Anyway being envious of the Incra mitre gauges etc. I embark on modification to the bosch

1 Removed the sliding mitre

2 installed 3/4 inch mitre

3 made the recess created by removing the sliding mitre up with tuffnol plate

4 Measuring the parallelism between the mitre, have got it to less tan 0.25mm (9 thou) should I try to improve or is this an acceptable value.












I used vernier gauge to measure saw blade to mitre track, I zeroed the gauge at one point, rotated the blade to the other side of the table, used the same part of the blade. When rotating back to start position it reads zero so measuring is accurate.


----------



## jenspytlich (8 Aug 2016)

Hi John,

I realise it's been a while since you posted this, but I thought I'd ask a question anyway.

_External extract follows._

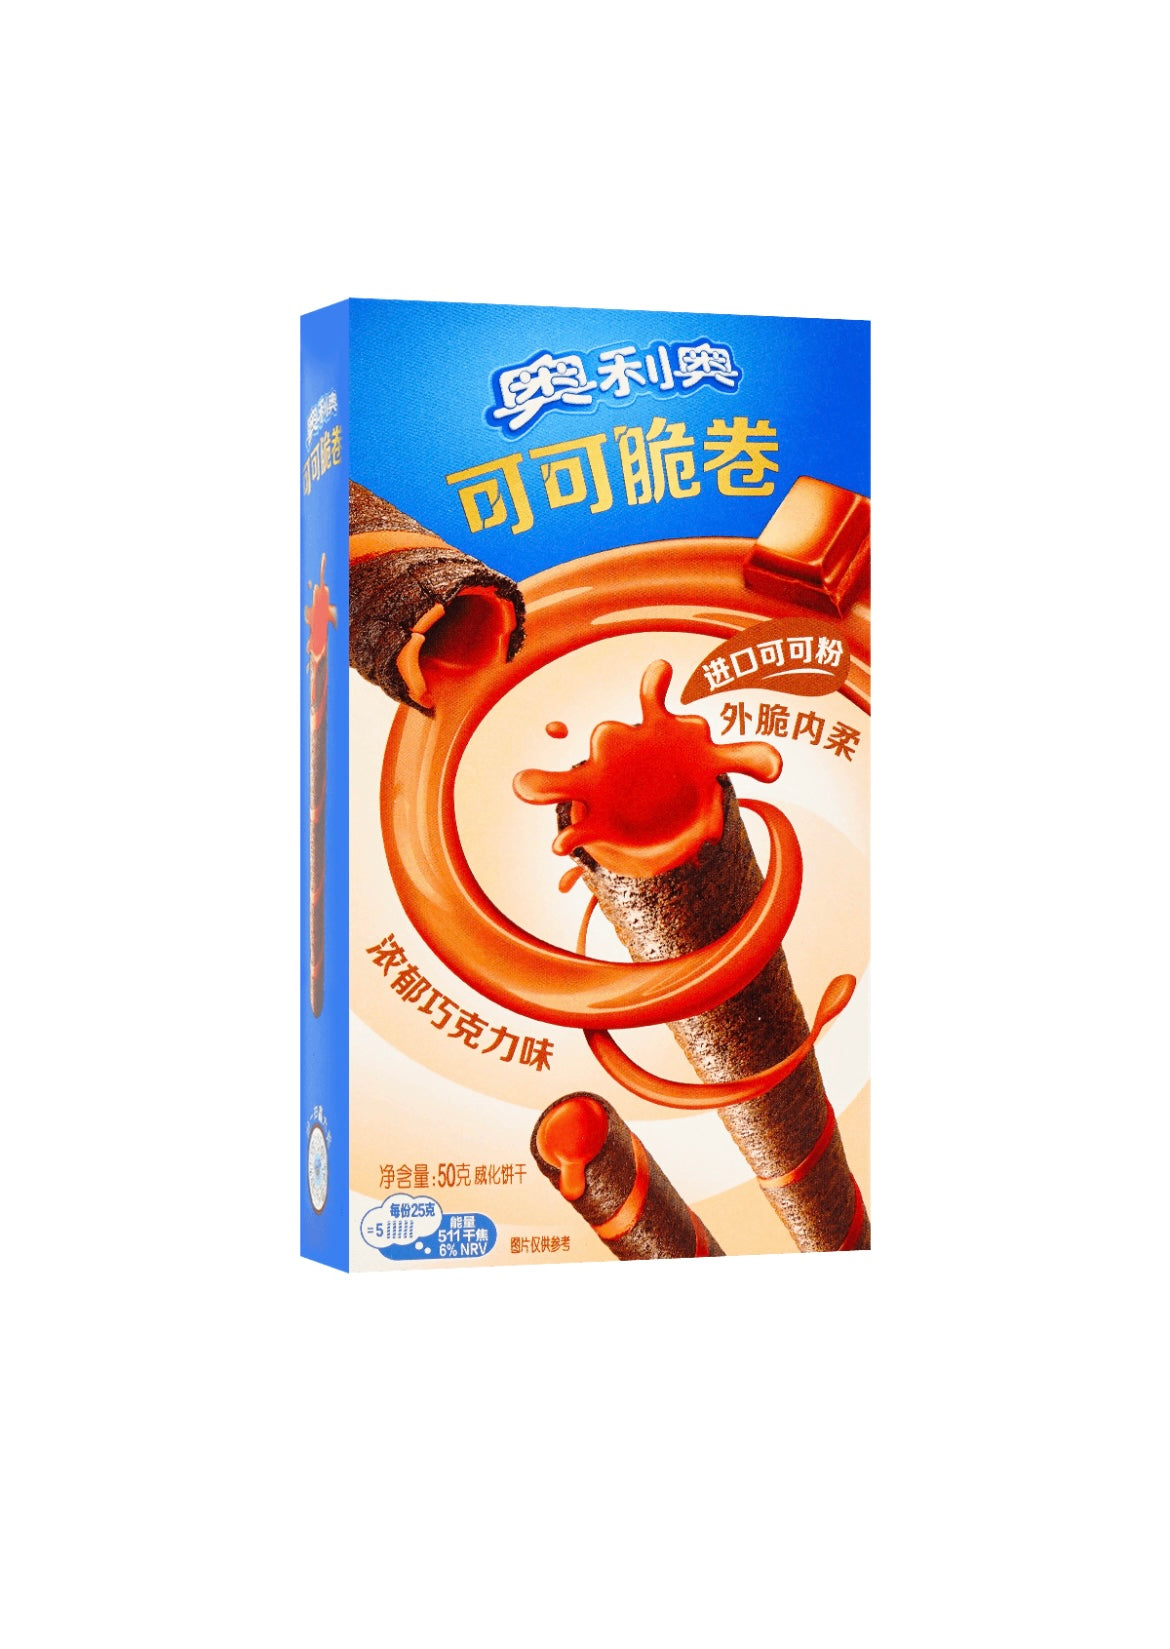 Oreo Chocolate Wafer Rolls (China)

I saw your post on routerforums about switching out the Bosch GTS 10 XC arbor to one from a 4100 model. Just completed that switch myself, which was a lot easier then I hat imagined.

Now I am about to attempt to add a 3/4 inch miter track to the saw, just like in your post here.

My question is as follows: How did you attach the miter channel to the saw? Is it attached to the tuffnol plate, or diretly to the saw? Did you drill and tap the aluminum base to attach the track?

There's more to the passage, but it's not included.